Task goal
Print a faithful copy of the data below, word for word, with the pictures left out.
BEGIN Data block
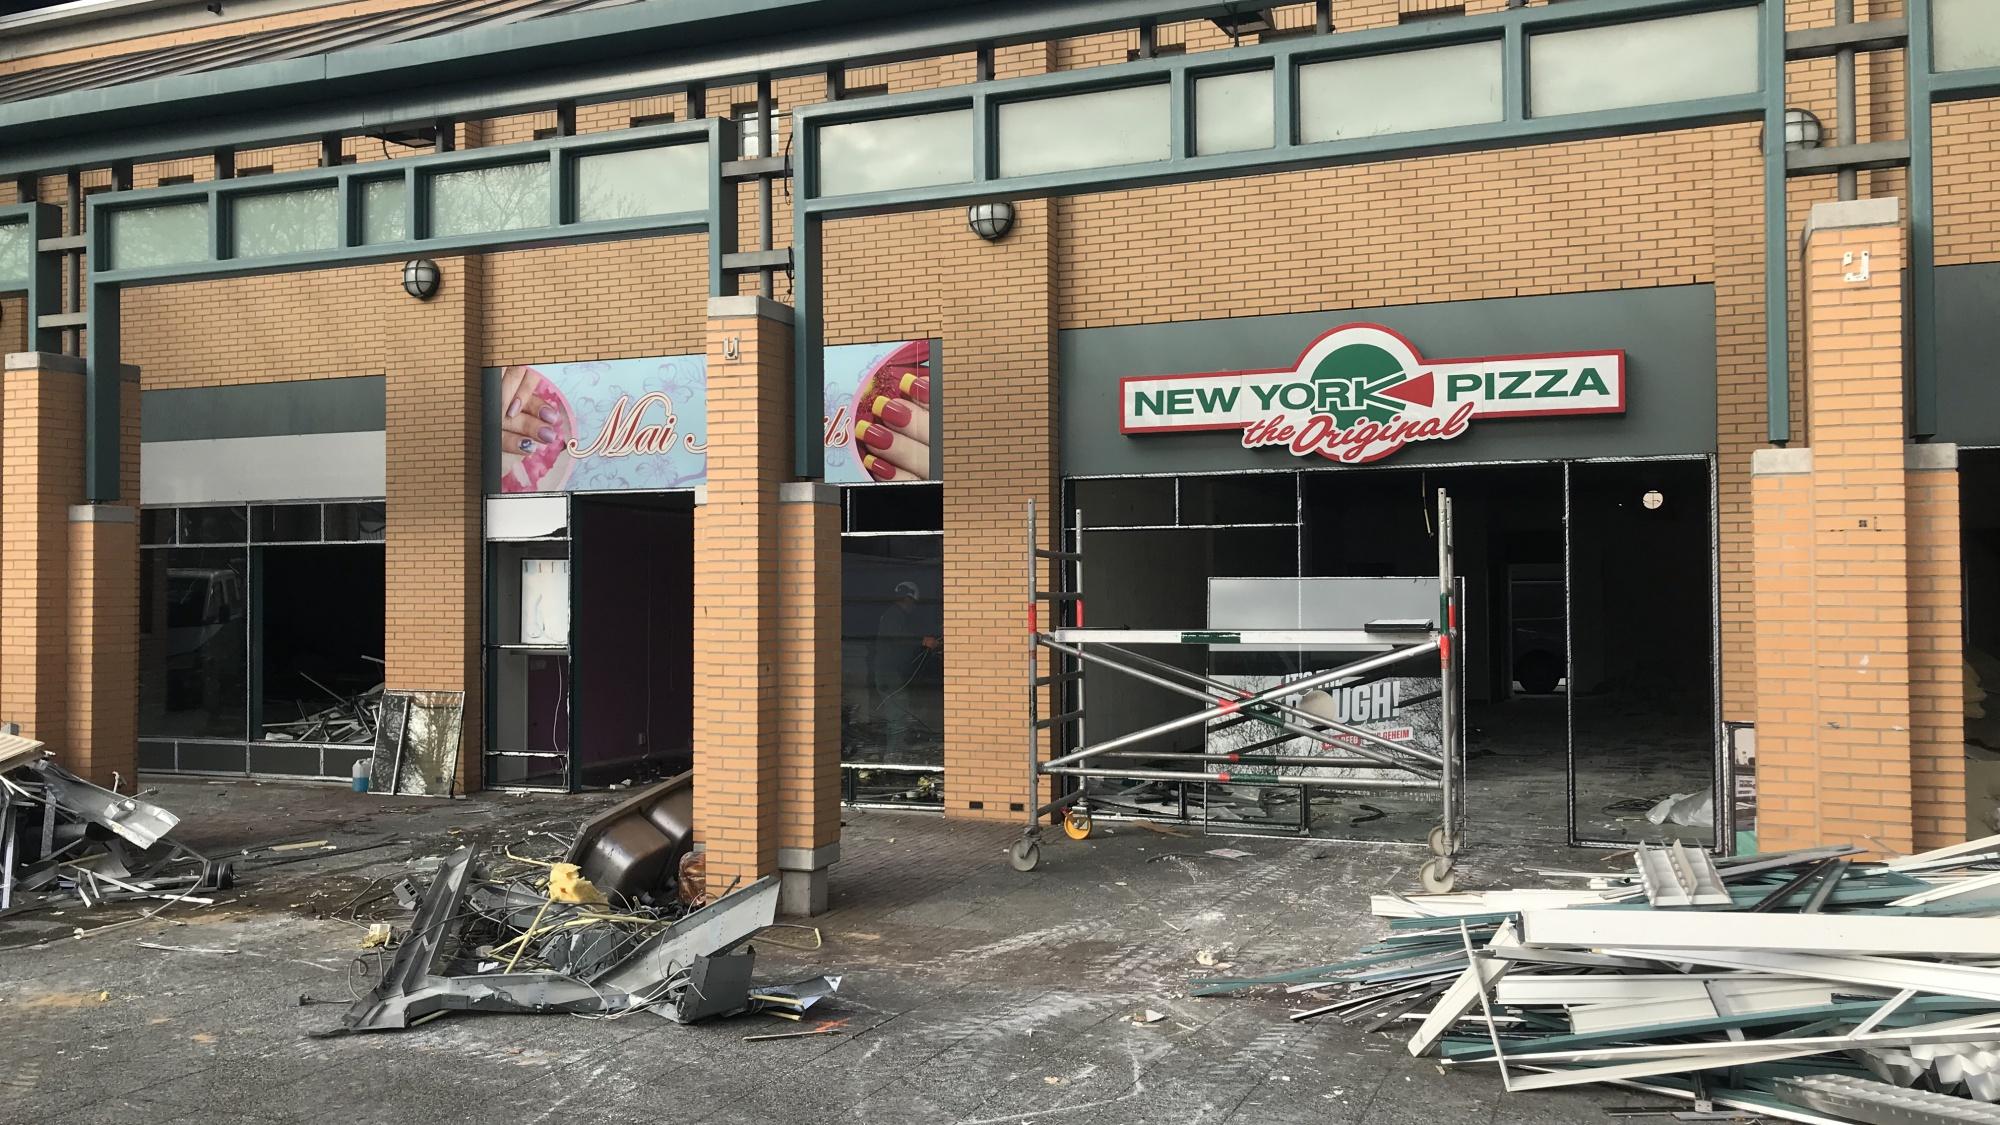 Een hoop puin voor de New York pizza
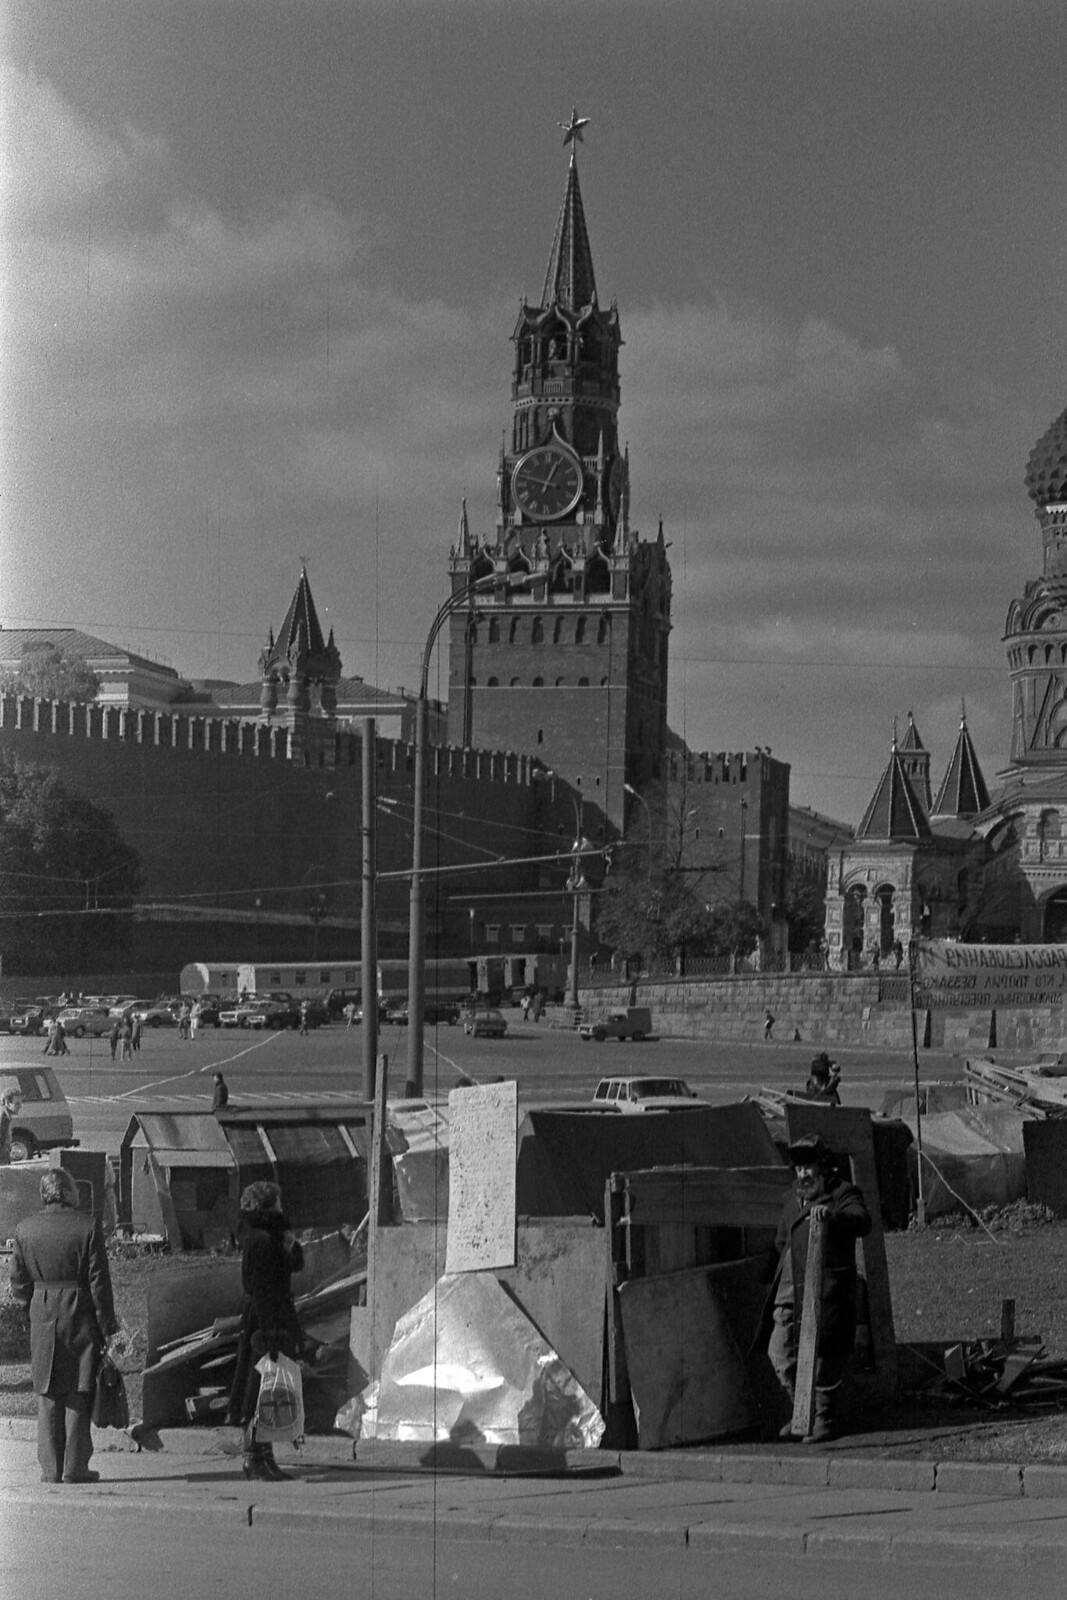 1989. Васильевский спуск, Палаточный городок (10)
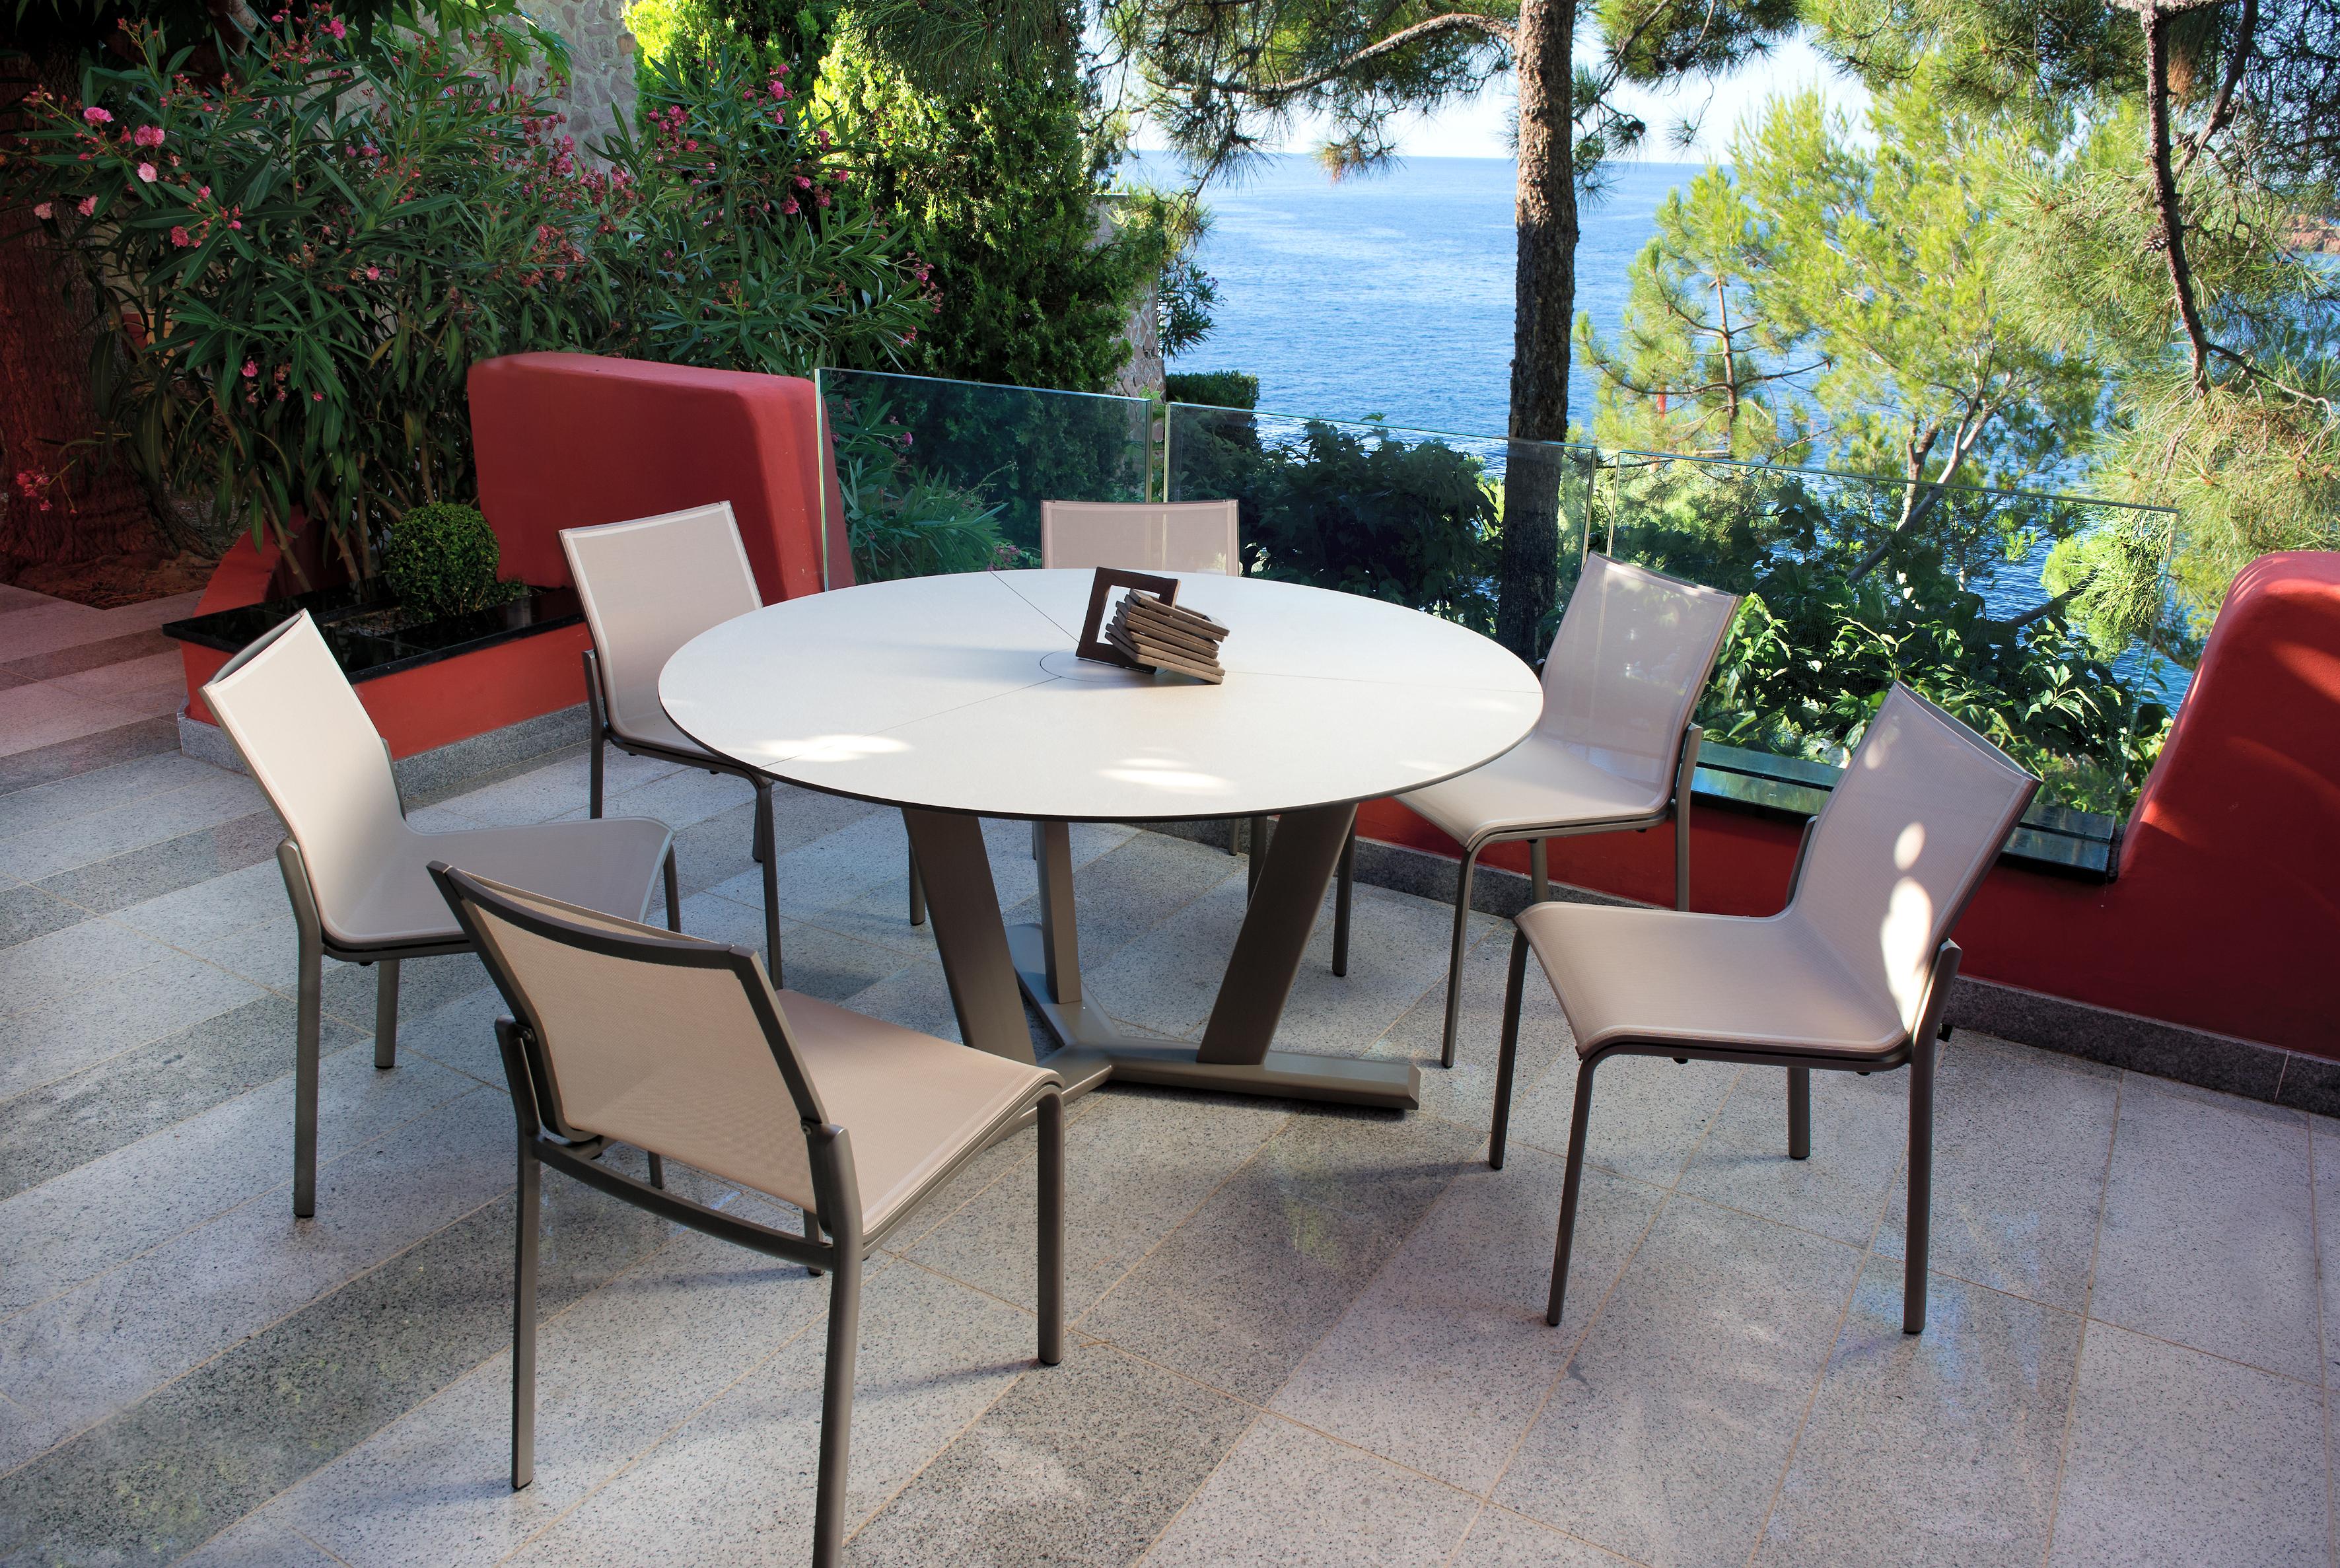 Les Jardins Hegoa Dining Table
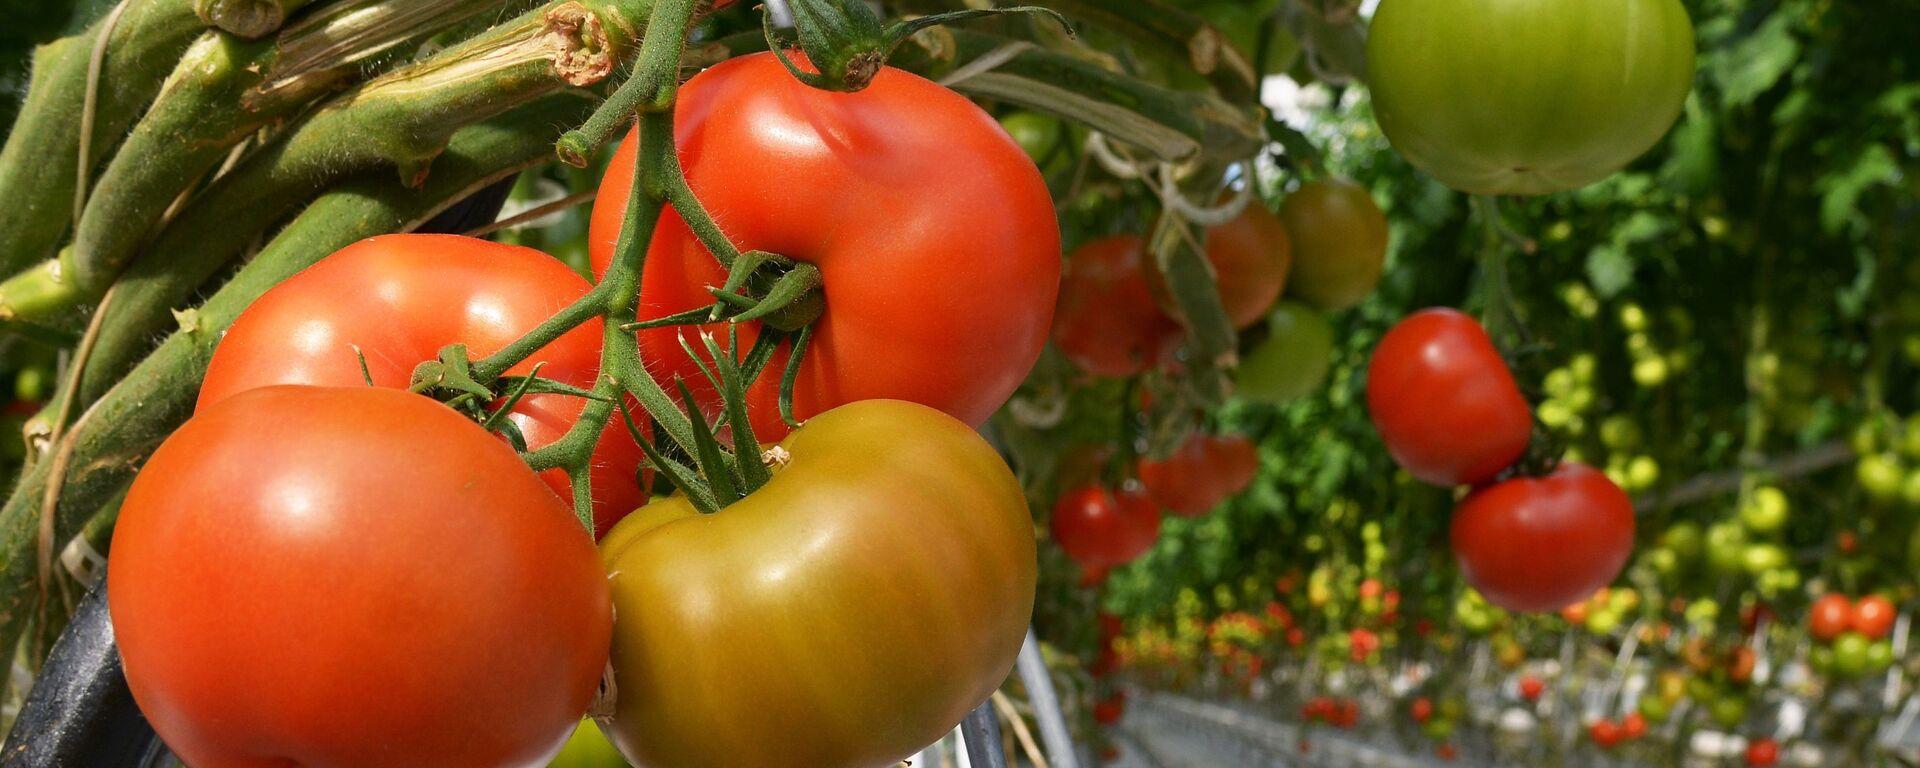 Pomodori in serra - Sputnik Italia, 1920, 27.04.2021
END Data block
Exercise answer
 Een hoop puin voor de New York pizza
 1989. Васильевский спуск, Палаточный городок (10)
 Les Jardins Hegoa Dining Table
 Pomodori in serra - Sputnik Italia, 1920, 27.04.2021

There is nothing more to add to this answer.